IDENTYFIKACJA UKŁADÓW ALLELICZNYCH GENÓW FOTONEUTRALNOŚCI I WCZESNOŚCI ORAZ OPRACOWANIE METODYKI OTRZYMYWANIA ROŚLIN HOMOZYGOTYCZNYCH U SOI

Projekt realizowany w ramach dotacji Ministerstwa Rolnictwa i Rozwoju Wsi na pokrycie kosztów wykonania badań odstawowych na rzecz postępu biologicznego w produkcji roślinne - zadanie nr 105. Kierownik tematu: dr hab. Jerzy Nawracała prof. nadzw., e-mail jnawrac@up.poznan.pl.
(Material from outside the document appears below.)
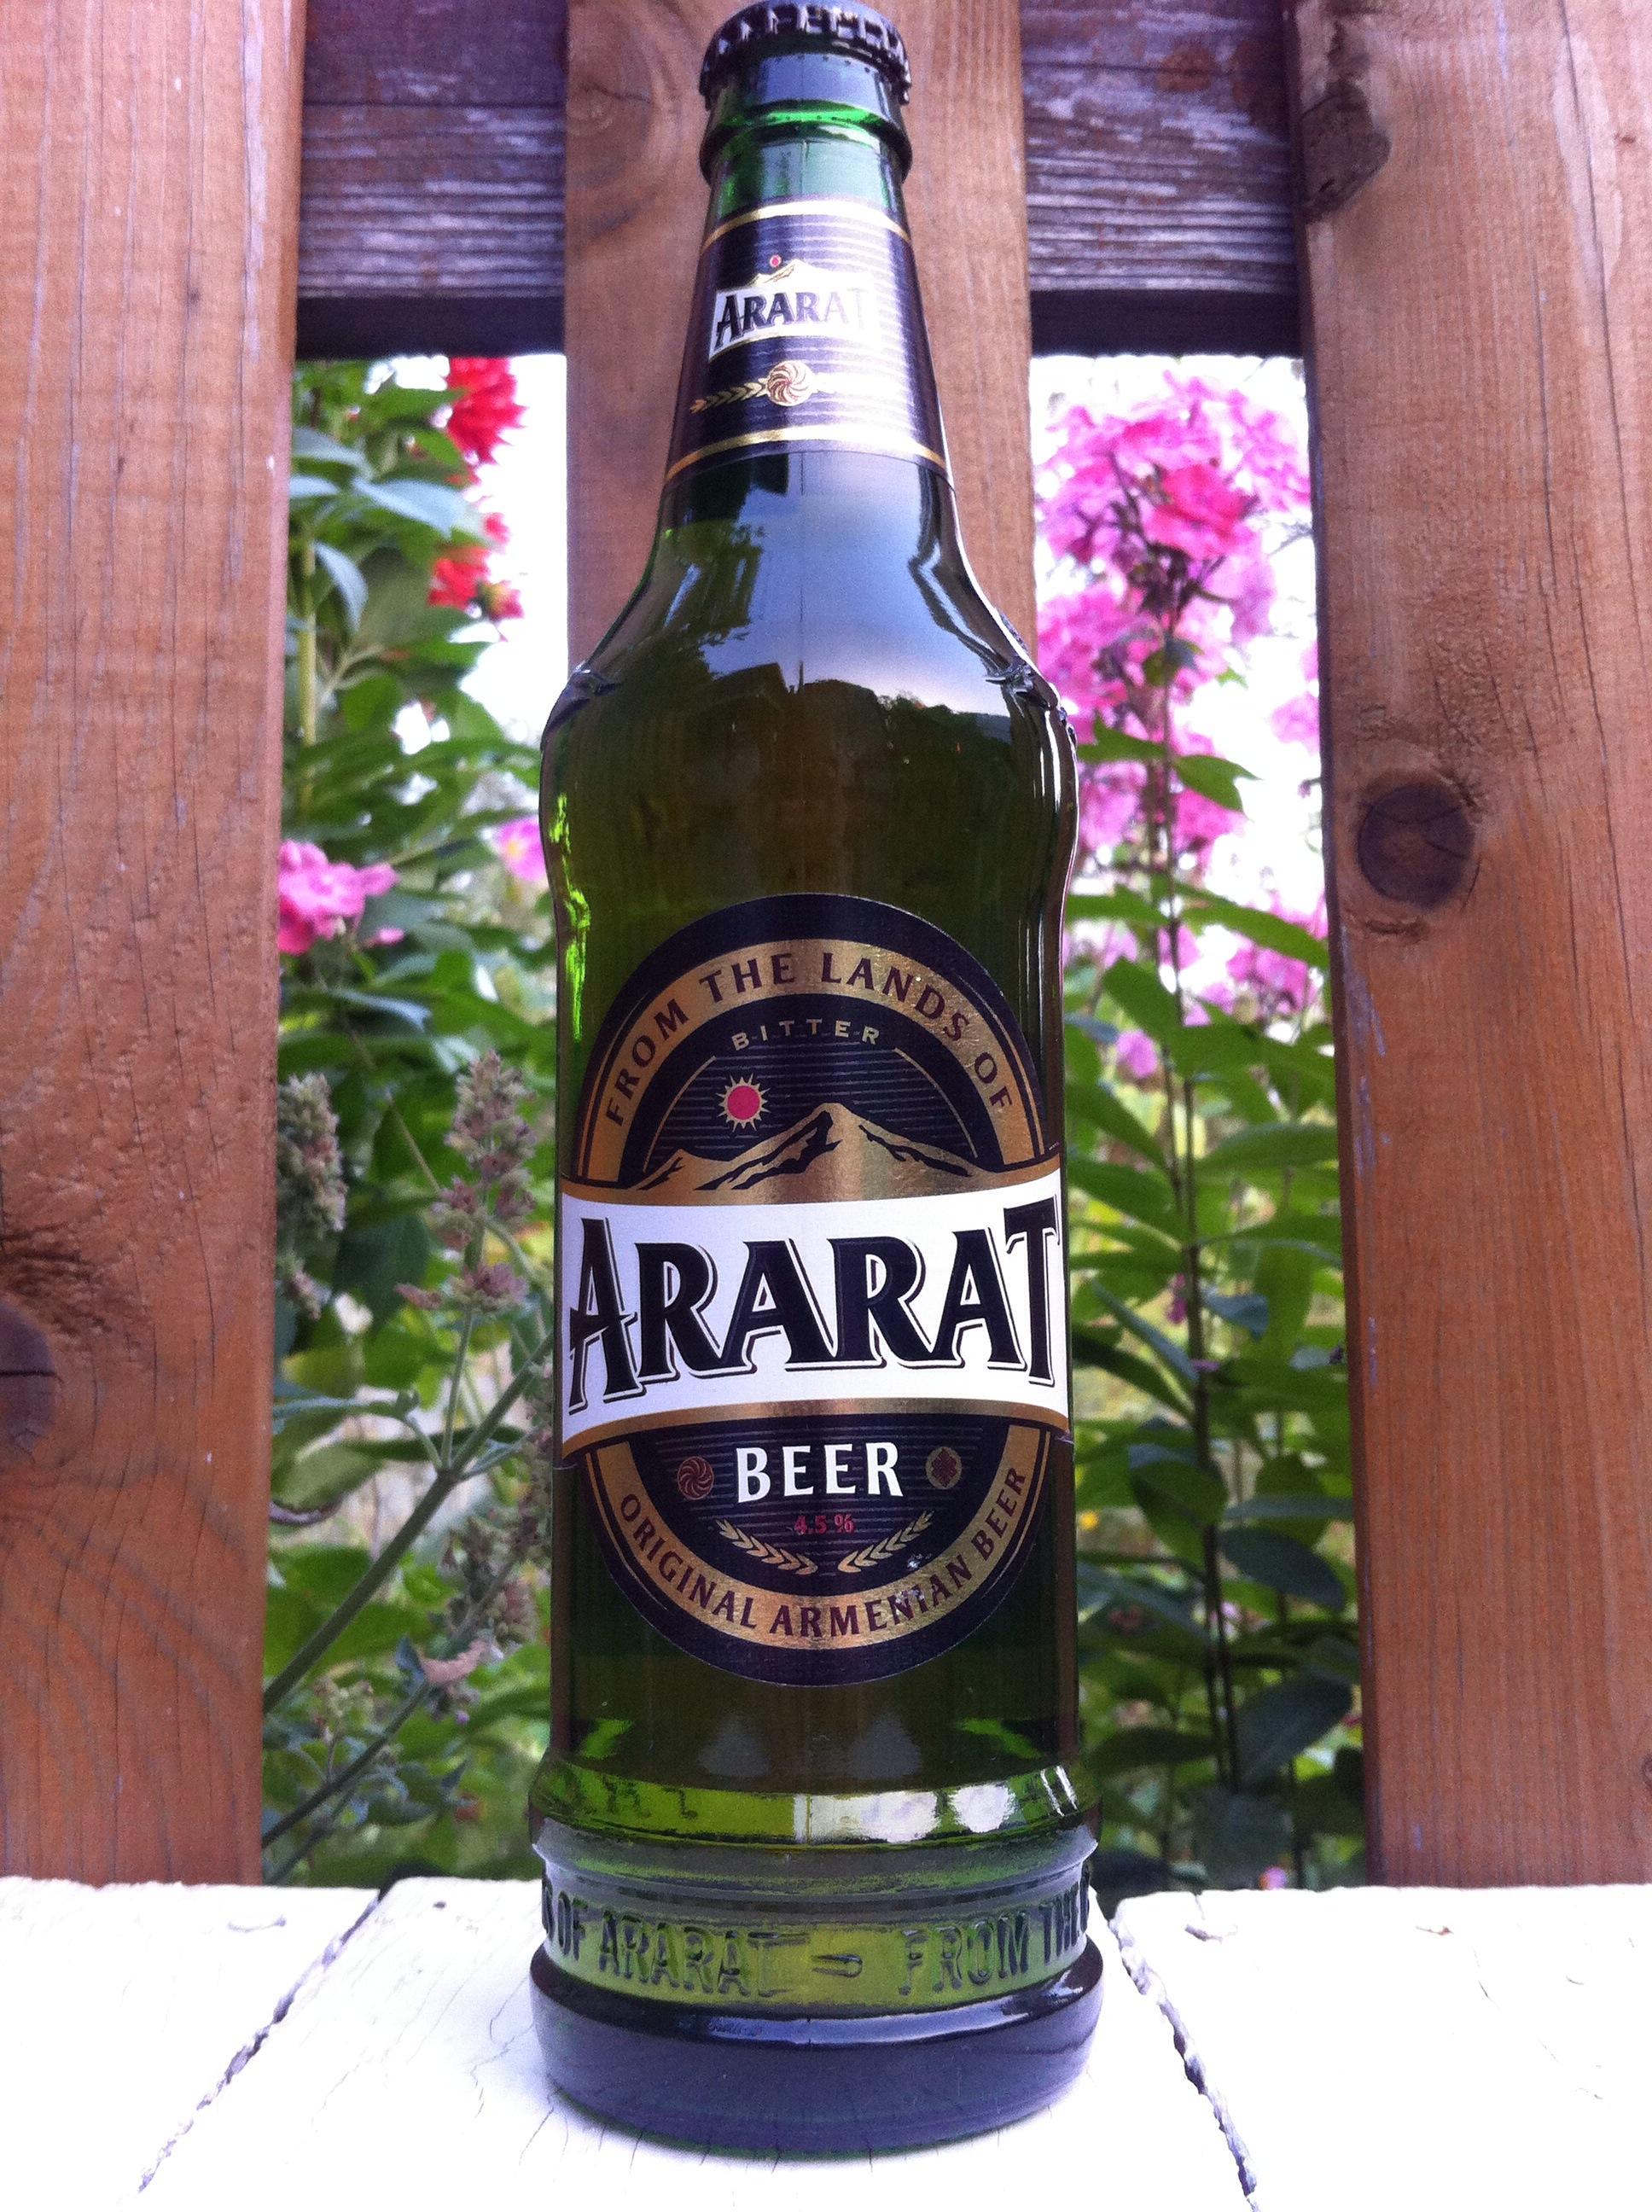 Ararat Bitter Арарат Биттер (Армения)

Soja jest rośliną dnia krótkiego, ciepłolubną pochodzącą z Chin. Hodowla i uprawa soi w Polsce prowadzona jest na północ od głównych rejonów uprawy soi. W związku z tym brakuje genotypów soi dostosowanych do naszych warunków klimatycznych. Warunkiem podstawowym wyhodowania odmian soi, które mogą być uprawiane w Polsce jest znalezienie genotypów niewrażliwych na długość dnia i dojrzewających wcześnie, najlepiej do końca września. Ważnym też zagadnieniem jest określenie genów warunkujących typ wzrostu pędu.

W projekcie prowadzone są prace mające na celu poznanie, na poziomie molekularnym i fenotypowym, wpływu współdziałania różnych alleli genów wczesności (E1, E2, E3, E4) w determinacji cechy wczesności kwitnienia u soi. Sprawdzenie polega na ocenie udziału genów i ich alleli w kolekcji genotypów soi zgromadzonych w KG i HR (genotypowanie z użyciem markerów) oraz uzyskaniu materiałów o pożądanym genotypie (krzyżowanie). Kolejnym etapem projektu jest identyfikacja układów recesywnych alleli genów wczesności, które w efekcie dają brak reakcji fotoperiodycznej na warunki długiego dnia. Dodatkowo przeprowadzana jest identyfikacja na poziomie molekularnym genotypów z genem Dt2 determinującym semizdeterminowany typ wzrostu pędu oraz opracowanie metodyki skrócenia czasu dojścia do homozygotyczności – otrzymanie minimum 2 pokoleń w 1 roku (metoda SSD). Zidentyfikowanie genotypów soi fotoneutralnych, o odpowiedniej długości okresu wegetacji wynikającej z korzystnego (z punktu widzenia adaptacji do warunków środowiskowych Polski) układu alleli genów wczesności (E1 – E4) oraz jednocześnie o semizdeterminowanym typie wzrostu, pozwoli na wyszukanie odpowiednich materiałów wyjściowych do hodowli soi w Polsce, a jednoczesne opracowanie metodyki pojedynczych nasion może znacznie przyspieszyć, o kilka lat, wyhodowanie w Polsce nowych, lepiej dostosowanych i wyżej plonujących odmian soi.